The data ▸

◆ ◆ ◆ ◆ ◆ ◆ ◆

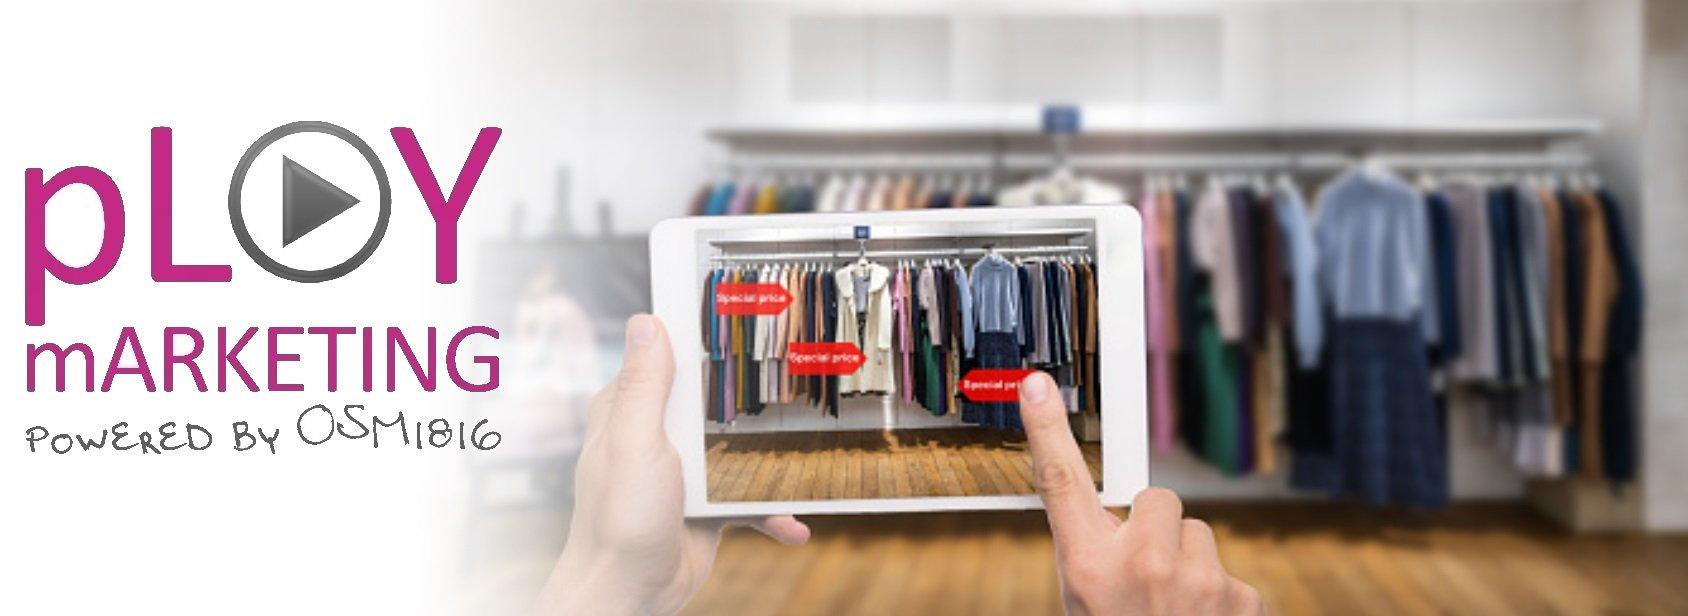 La realtà aumentata rivoluziona la customer experience
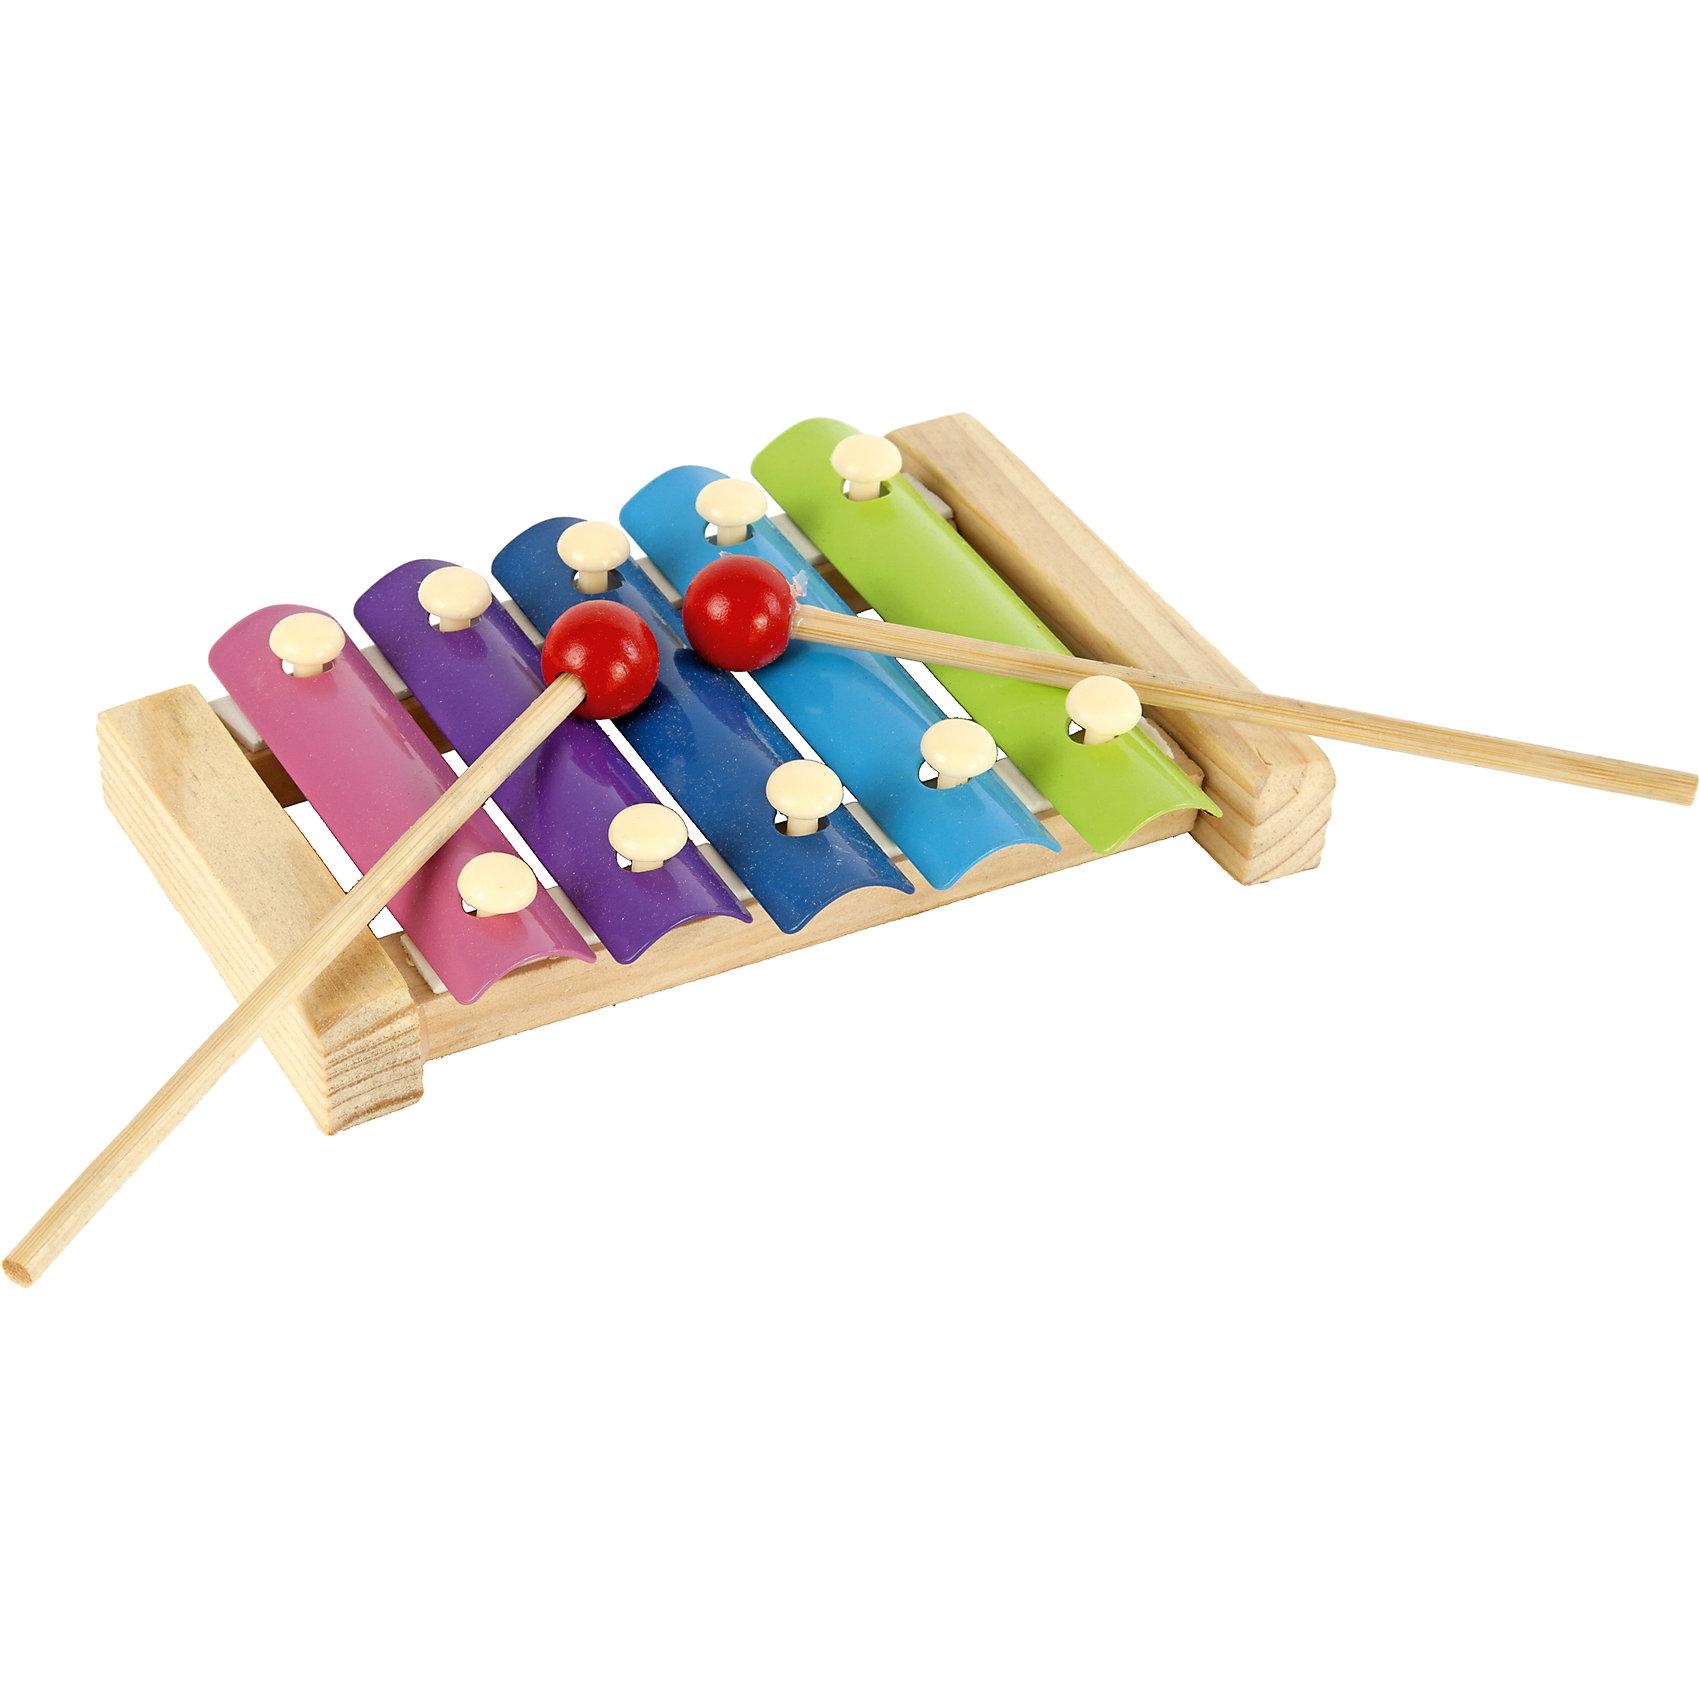 Ксилофон деревянный, 5 тонов, Shantou GepaiКсилофон деревянный, 5 тонов, Shantou Gepai развлечет вашего ребенка и положит начало музыкальному вкусу малыша. Ксилофон состоит пяти тонов, поэтому с ним очень интересно играть. Стуча одной или двумя сразу палочками по клавишам ксилофон издает приятные звуки, поэтому играть в него легко и интересно. Этот набор изготовлен из дерева и окрашен в яркие цвета. Клавиши состоят из металла. Играя с этой игрушкой малыш разовьет мелкую моторику рук, звуковое восприятие и воображение.<br><br>Дополнительная информация:<br><br>- В комплект входит: ксилофон, 2 палочки<br>- Материал: дерево, металл<br>- Размер: 17 * 3,5 * 11,5<br>- Вес: 0,22 кг.<br><br>Ксилофон деревянный, 5 тонов, Shantou Gepai можно купить в нашем интернет-магазине.<br><br>Подробнее:<br>• Для детей в возрасте: от 3 до 7 лет<br>• Номер товара: 4925538<br>Страна производитель: Китай<br><br>Ширина мм: 170<br>Глубина мм: 35<br>Высота мм: 115<br>Вес г: 72<br>Возраст от месяцев: 36<br>Возраст до месяцев: 120<br>Пол: Унисекс<br>Возраст: Детский<br>SKU: 4925538
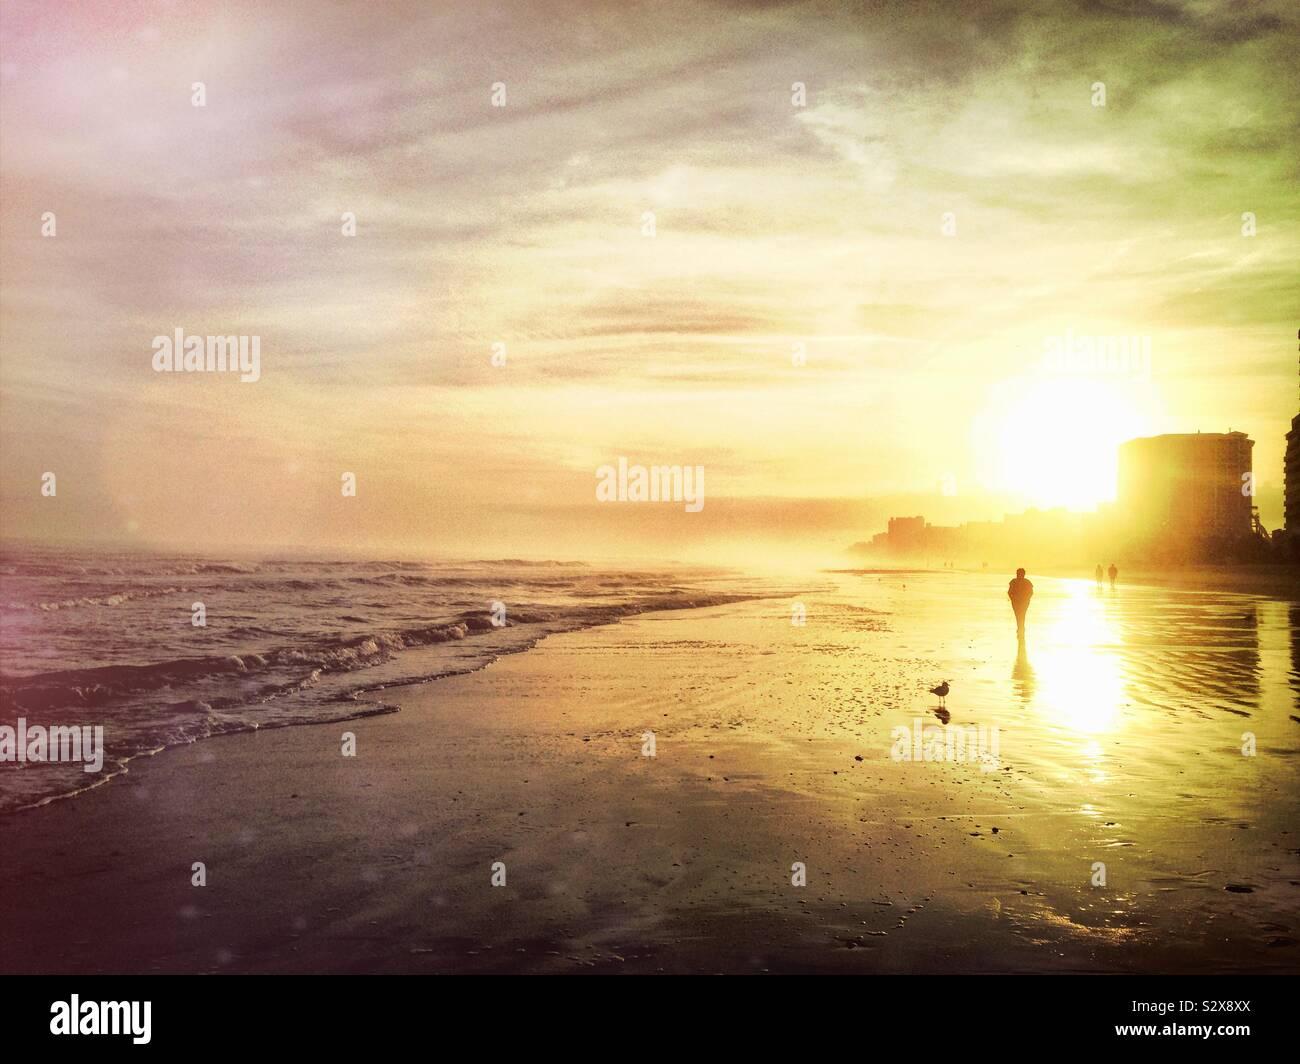 Menschen zu Fuß am Strand bei Sonnenuntergang in Myrtle Beach, South Carolina. Stockfoto

◆ ◆ ◆ ◆ ◆ ◆ ◆

Your assignment ▸ Set down all of the material word for word, but keep each picture out.

Final answer ▸
 La realtà aumentata rivoluziona la customer experience
 Ксилофон деревянный, 5 тонов, Shantou GepaiКсилофон деревянный, 5 тонов, Shantou Gepai развлечет вашего ребенка и положит начало музыкальному вкусу малыша. Ксилофон состоит пяти тонов, поэтому с ним очень интересно играть. Стуча одной или двумя сразу палочками по клавишам ксилофон издает приятные звуки, поэтому играть в него легко и интересно. Этот набор изготовлен из дерева и окрашен в яркие цвета. Клавиши состоят из металла. Играя с этой игрушкой малыш разовьет мелкую моторику рук, звуковое восприятие и воображение.<br><br>Дополнительная информация:<br><br>- В комплект входит: ксилофон, 2 палочки<br>- Материал: дерево, металл<br>- Размер: 17 * 3,5 * 11,5<br>- Вес: 0,22 кг.<br><br>Ксилофон деревянный, 5 тонов, Shantou Gepai можно купить в нашем интернет-магазине.<br><br>Подробнее:<br>• Для детей в возрасте: от 3 до 7 лет<br>• Номер товара: 4925538<br>Страна производитель: Китай<br><br>Ширина мм: 170<br>Глубина мм: 35<br>Высота мм: 115<br>Вес г: 72<br>Возраст от месяцев: 36<br>Возраст до месяцев: 120<br>Пол: Унисекс<br>Возраст: Детский<br>SKU: 4925538
 Menschen zu Fuß am Strand bei Sonnenuntergang in Myrtle Beach, South Carolina. Stockfoto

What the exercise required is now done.